Члены Конвента единодушно горячо поддержали бургомистра.
– Я не могу этого сделать и никогда не соглашусь с этим, – спокойным голосом отвечал герцог Якоб. – Если вы действительно бессильны защитить меня, то я готов отказаться от власти.
– Это также невозможно, – возразил Норманс, – страна не может лишиться законного правителя, а наследника у вас нет. Вы должны решиться: или все будет как прежде, при вашем отце, или неминуемая смерть, третьего не дано.
– Хорошо, я подумаю, – пообещал Конвенту герцог Якоб.
Восстанавливать прежние порядки молодой герцог не захотел. И остаться на престоле не мог. Якоб попросил друга соорудить механическую куклу.
– Понимаешь, Йенс, нужно, чтобы кукла была хоть как-то на меня похожа. Пусть даже отдалённо. Такая, которая могла хотя бы немного говорить и двигаться.
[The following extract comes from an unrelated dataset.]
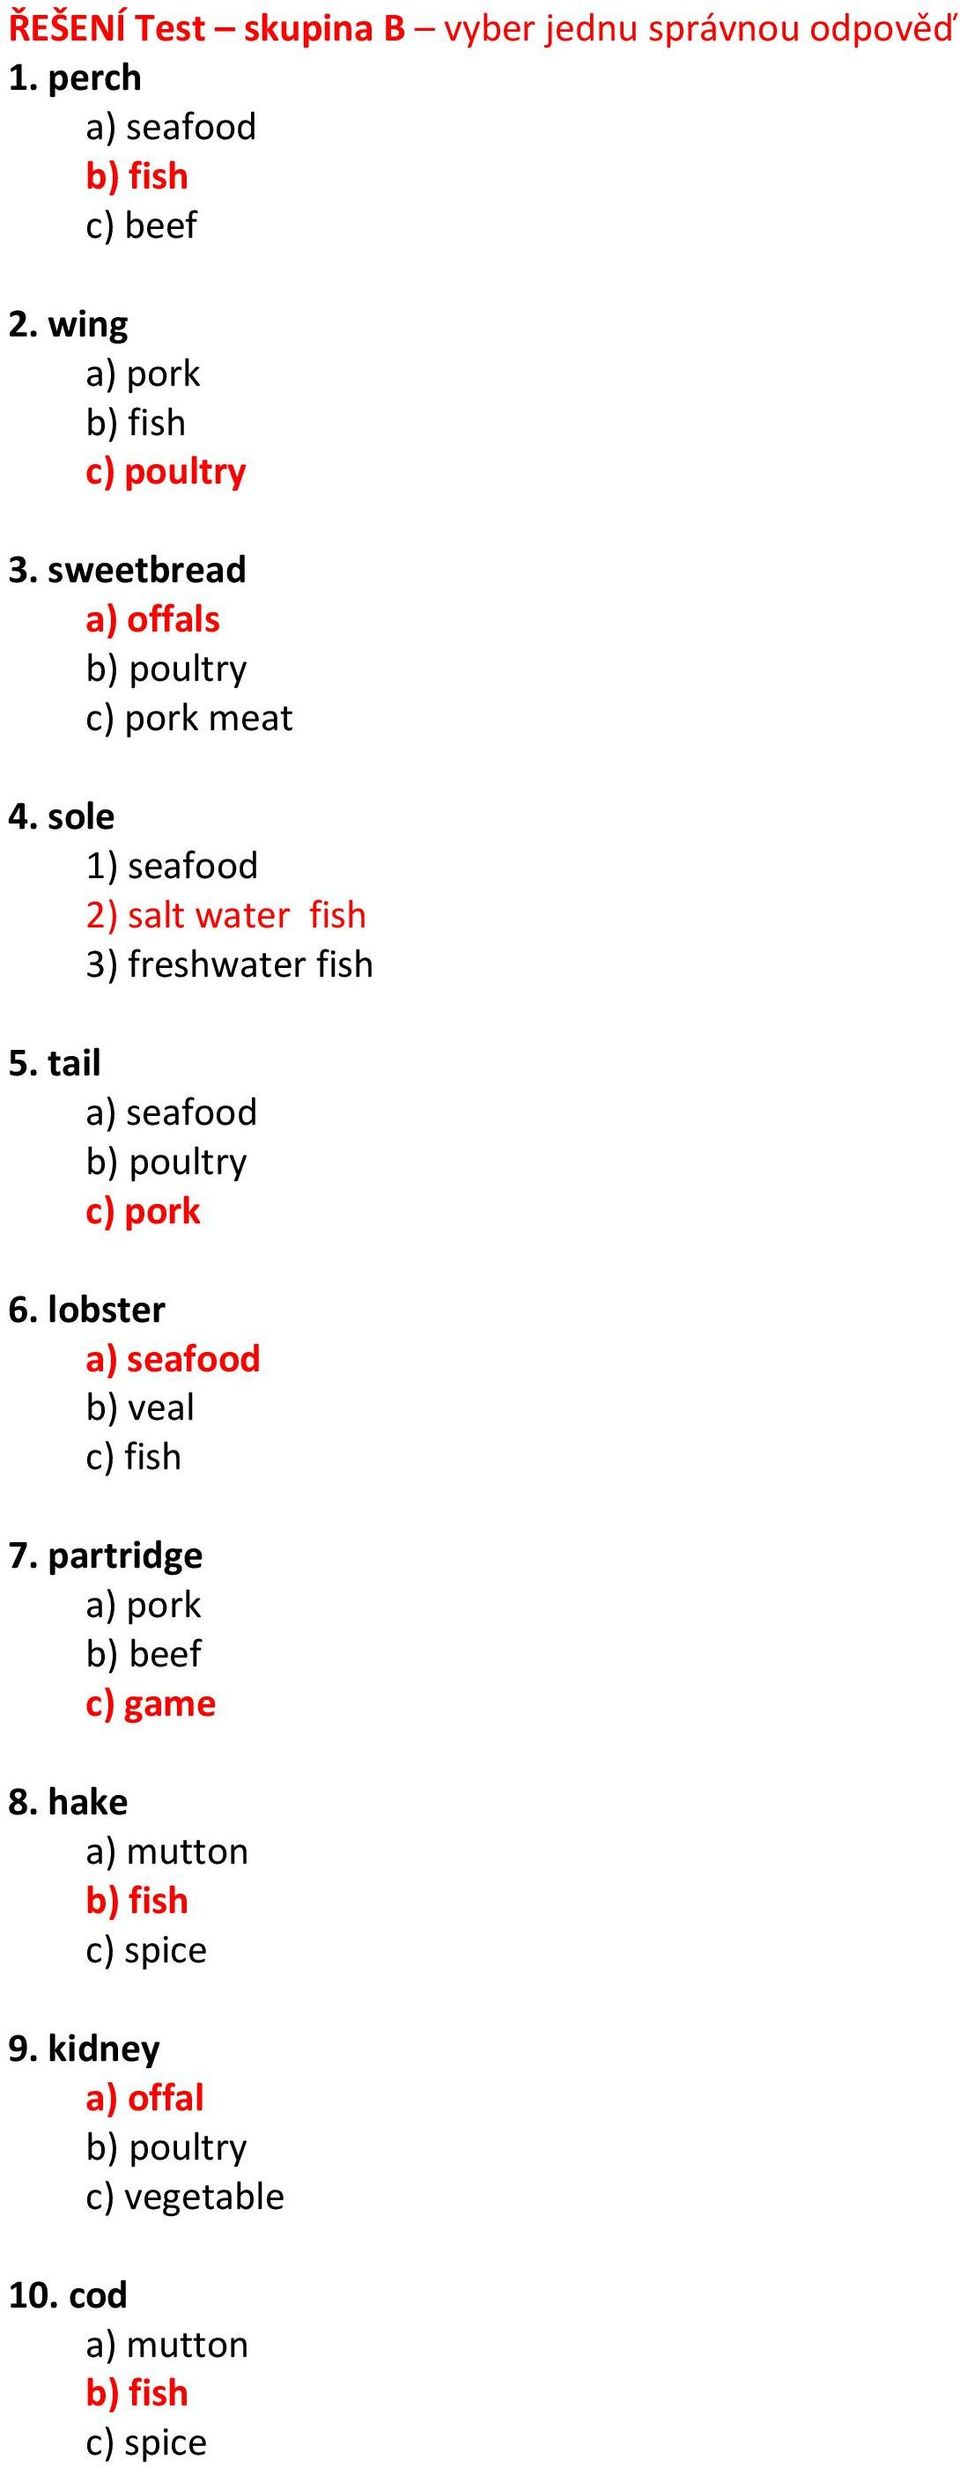 sole 1) seafood 2) salt water fish 3) freshwater

– Мои опыты только в самом начале, и не обещаю, что получится хорошо, но всё же постараюсь, – пообещал Йенс.
Через несколько дней в разных частях страны начались беспорядки. Городское собрание Арконы объявило Якоба «ненастоящим» правителем, поскольку разрушаются основы государства, созданные прежним правителем. Разве мог бы «настоящий» герцог пойти против воли своего отца?
Охрана замка едва сдерживала натиск толпы. Негодующие крики были хорошо слышны в замке, когда Йенс представил другу свою работу. Кукла получилась плохо похожей на герцога Якоба и совершенно не могла ходить. К тому же она знала всего несколько слов: «я думаю», «посмотрим», «наказать», «благо Верании», «во имя народа» и тому подобное. Рта кукла не открывала, глухой голос шёл откуда-то изнутри из какого-то скрытого механизма, но зато могла шевелить руками и качать головой. При всех этих недостатках молодой герцог остался доволен работой друга.
Куклу хорошенько привязали к трону, чтобы она ненароком не упала, а Якоб стал поспешно готовиться к отъезду. Он решил тайно покинуть страну. Зря говорил Норманс, что третьего не дано. Уже перед самым побегом Якоб предложил Йенсу последовать за ним.
– Подумай, зачем нам всё это нужно? Мы пытались изменить страну, но никто из Конвента нас не поддержал. Бургомистр говорит о благе народа, но что для этого сделал? Всё время занимался интригами? Его волнует только личное благополучие и больше ничего. А Конвент всё время разглагольствует о том, как хорошо им было прежде. Это сборище бездарей и бездельников. Мы дали свободу музыкантам и художникам, и чем они нам отплатили? Поют про нас похабные частушки. Вернули в страну ремесленников, но даже они нас не поддерживают, ни одного шиллинга не дали на строительство дорог. Тогда пусть без меня решают, как им жить. Хотят как при отце – это их воля. Я пленником в бездействии много лет прожил на Ругии не для того, чтобы сейчас, заточённым в крепость, смотреть, как рушатся мои идеалы.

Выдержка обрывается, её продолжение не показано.